O cientista da Universidade de Cambridge, que faleceu aos 76 anos em 14 de março, tornou-se uma personalidade de renome mundial.

A ideia de universos múltiplos emerge de uma teoria que sugere que, na sua criação, durante o Big Bang, o cosmos sofreu uma expansão fulgurante.

Durante este período, as regiões do espaço não teriam evoluído na mesma velocidade, algumas parando de se expandir antes de outras, criando diferentes universos-bolha. Nosso universo seria uma dessas bolhas.

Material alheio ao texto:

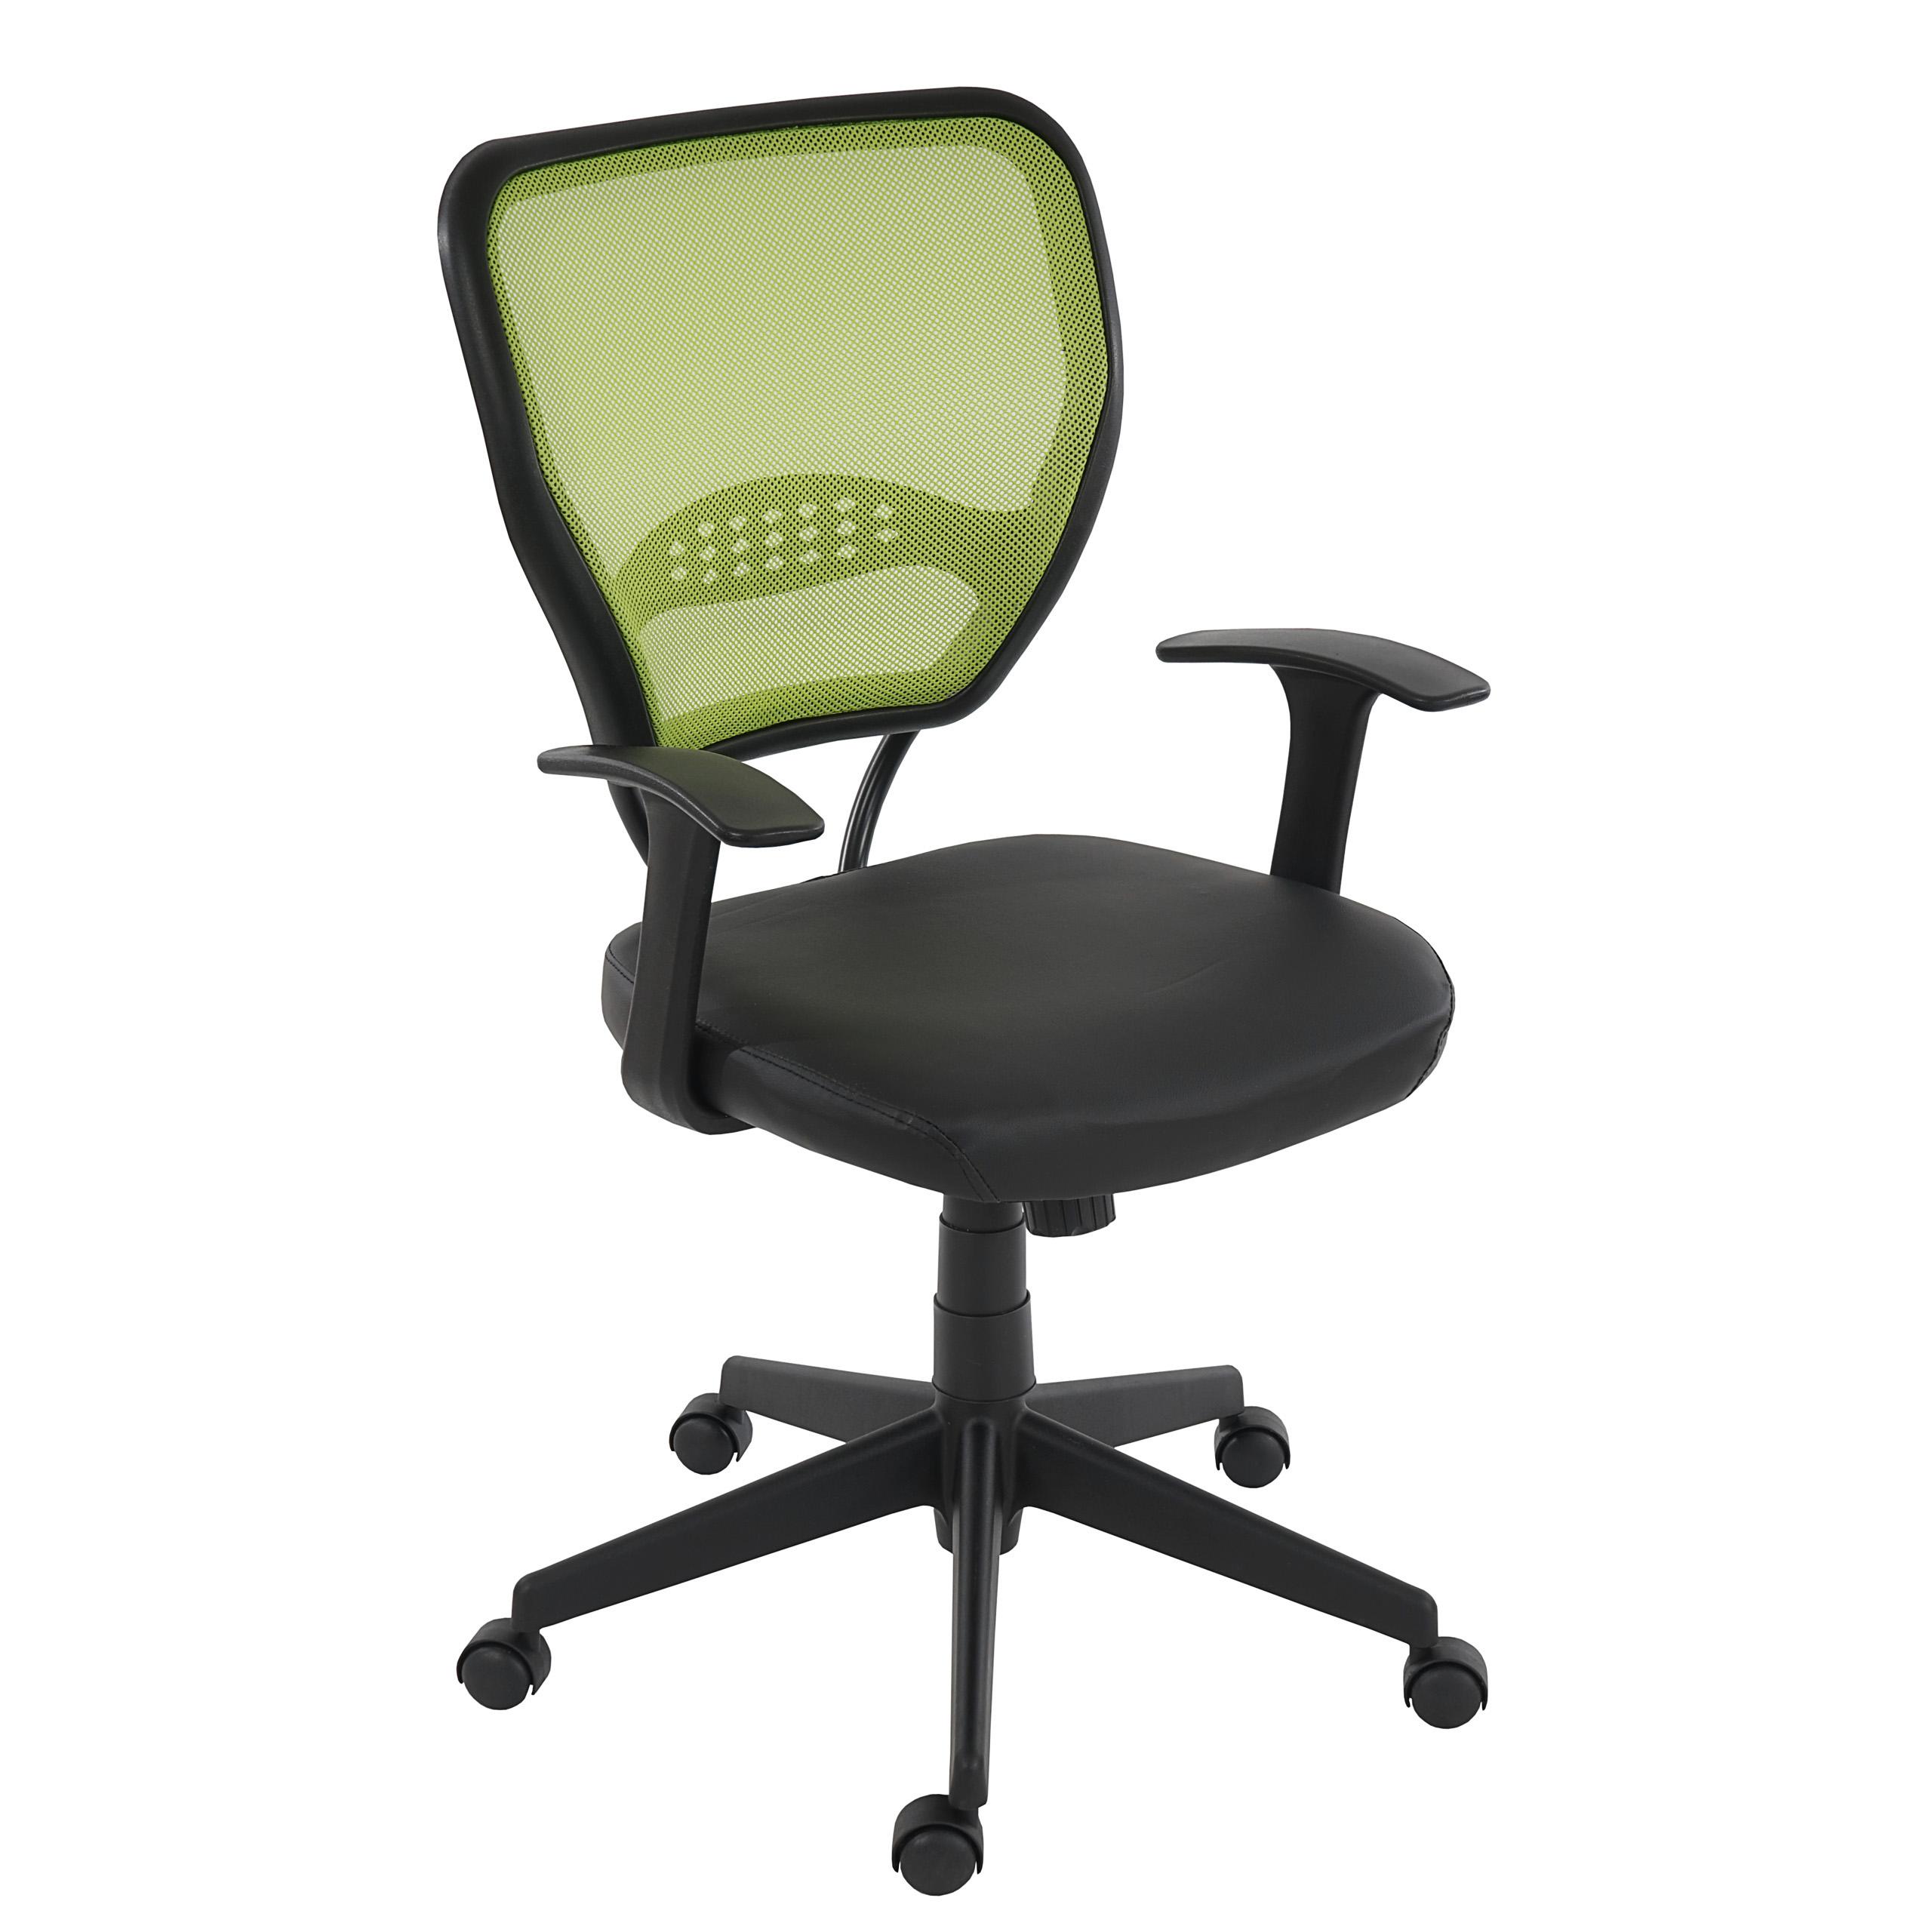 XXL-Bürostuhl TENOYA LEDER, bequeme Sitzpolsterung, Rückenlehne mit Netzbezug, Farbe Grün
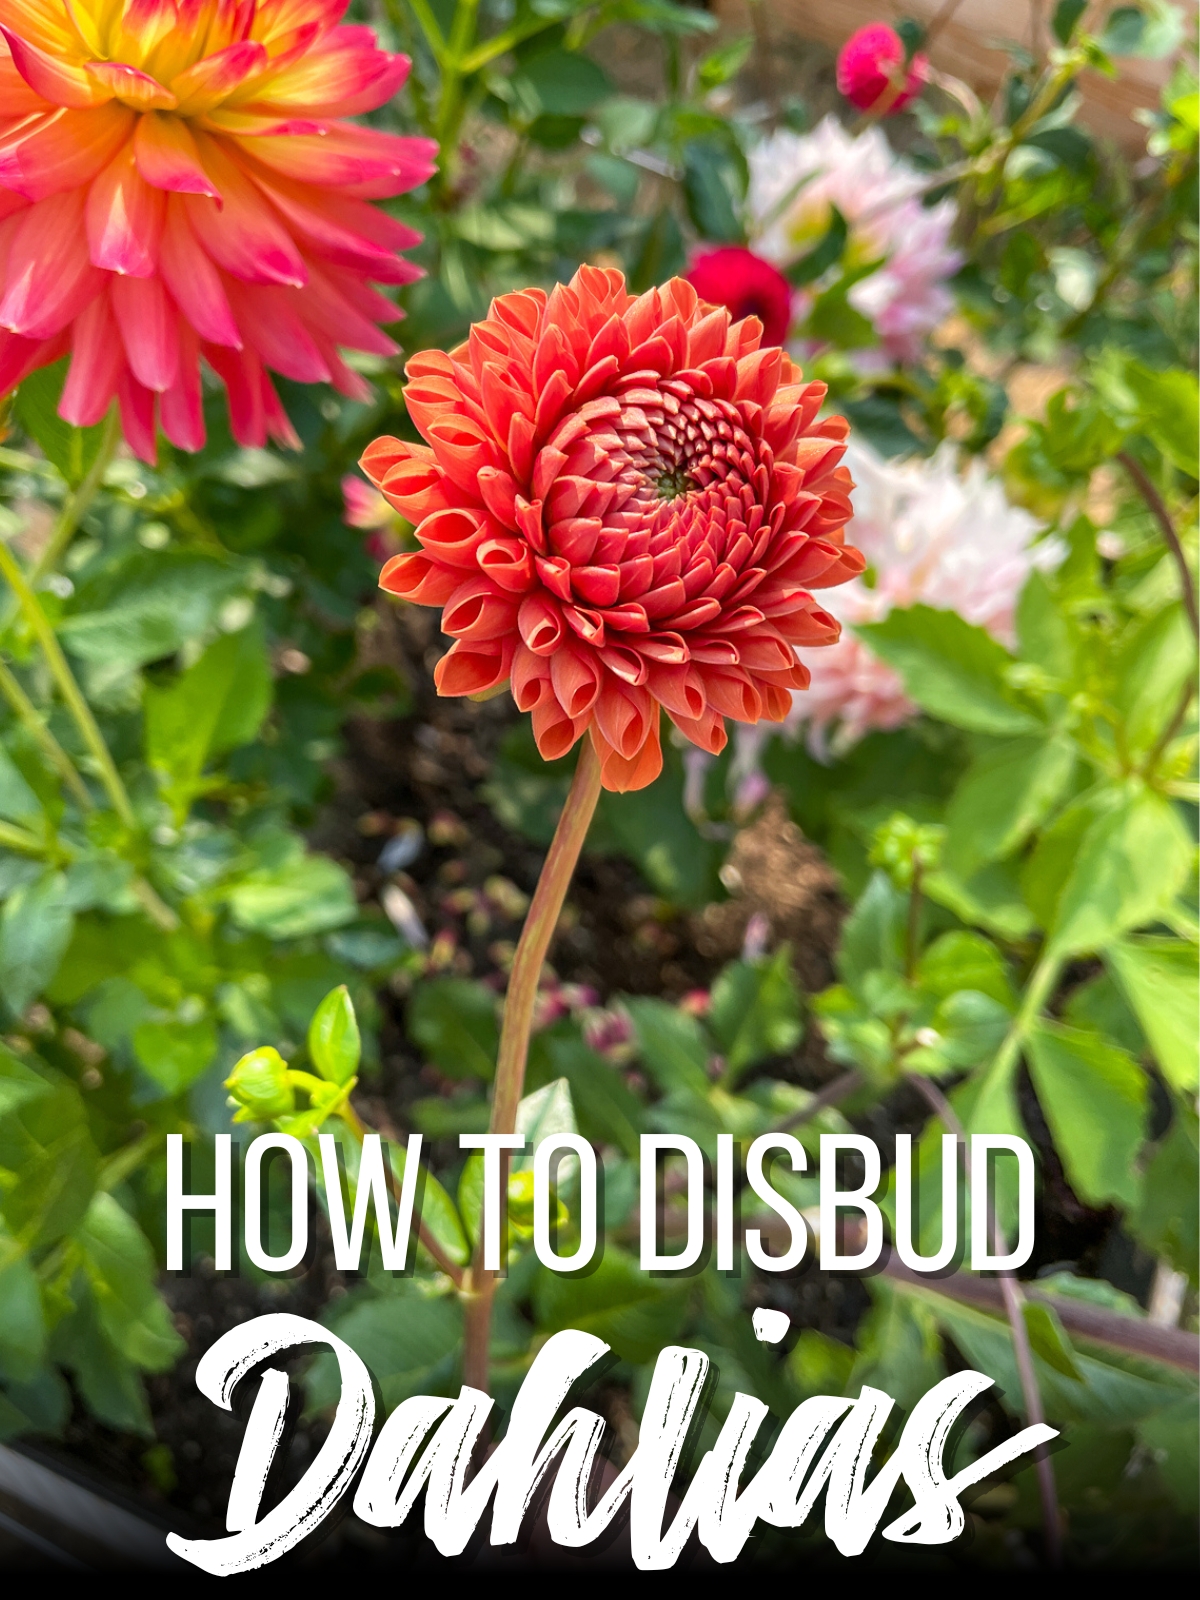 How to Disbud Dahlias

A ideia de múltiplos universos ou “multiverso” não é nova. Ela atravessa da história da filosofia, mas “invadiu recentemente o campo da física teórica”, explica à AFP Aurelien Barrau, astrofísico do Laboratório de Física Subatômica e de Cosmologia de Paris.

“Muitos tipos de universos múltiplos são agora possíveis”, acrescenta ele, o que implicaria diferentes leis da física e da química.

Thomas Hertog da Universidade KU Louvain na Bélgica e coautor do último estudo de Stephen Hawking descreve o multiverso como “um mosaico de pequenos universos de bolso onde cada bolso é diferente dos outros”. Alguns preferem evocar a imagem de bolhas em água fervente.

“Tem sido argumentado que diferentes universos poderiam não ser completamente desconectados e poderiam até colidir”, diz Sabine Hossenfelder, do Instituto de Estudos Avançados de Frankfurt, na Alemanha.

Uma ilha em um meta-mundo

O “multiverso” ainda é um tema muito controverso, com alguns cientistas criticando o fato de que esse conceito não pode ser testado.

Mas para Aurélien Barrau, “é uma ideia vertiginosa reinterpretar todo o nosso universo como uma ilha irrisória em um imenso e infinitamente vasto e diversificado meta-mundo”.

Uma decepção para o homem que há muito acreditava estar no centro do universo?

“O multiverso faz parte da história das ideias: a nossa representação global, após ter sido centrada numa região, na Terra, no Sol, na galáxia e depois no nosso Universo, não tem mais centro”, explica o pesquisador do CNRS.

Essa ideia também é baseada em teorias científicas. Além disso, imaginar que há uma multiplicidade de universos possibilitaria responder a algumas das interrogações dos físicos.

As teorias podem ser descritas como científicas, mesmo que contenham elementos não observáveis: a existência de ondas gravitacionais foi aceita bem antes de sua detecção. Mas então tudo depende da credibilidade que recebem.

“Para alguns cientistas convencidos de suas teorias, o multiverso pode parecer quase tão real quanto o universo que observamos. Mas para a maioria de nós, essas teorias são especulações”, aponta Sabine Hossenfelder.

Para Aurélien Barrau, “podemos obviamente duvidar dessas teorias”, mas ele lamenta que essa ideia “seja recusada a priori”.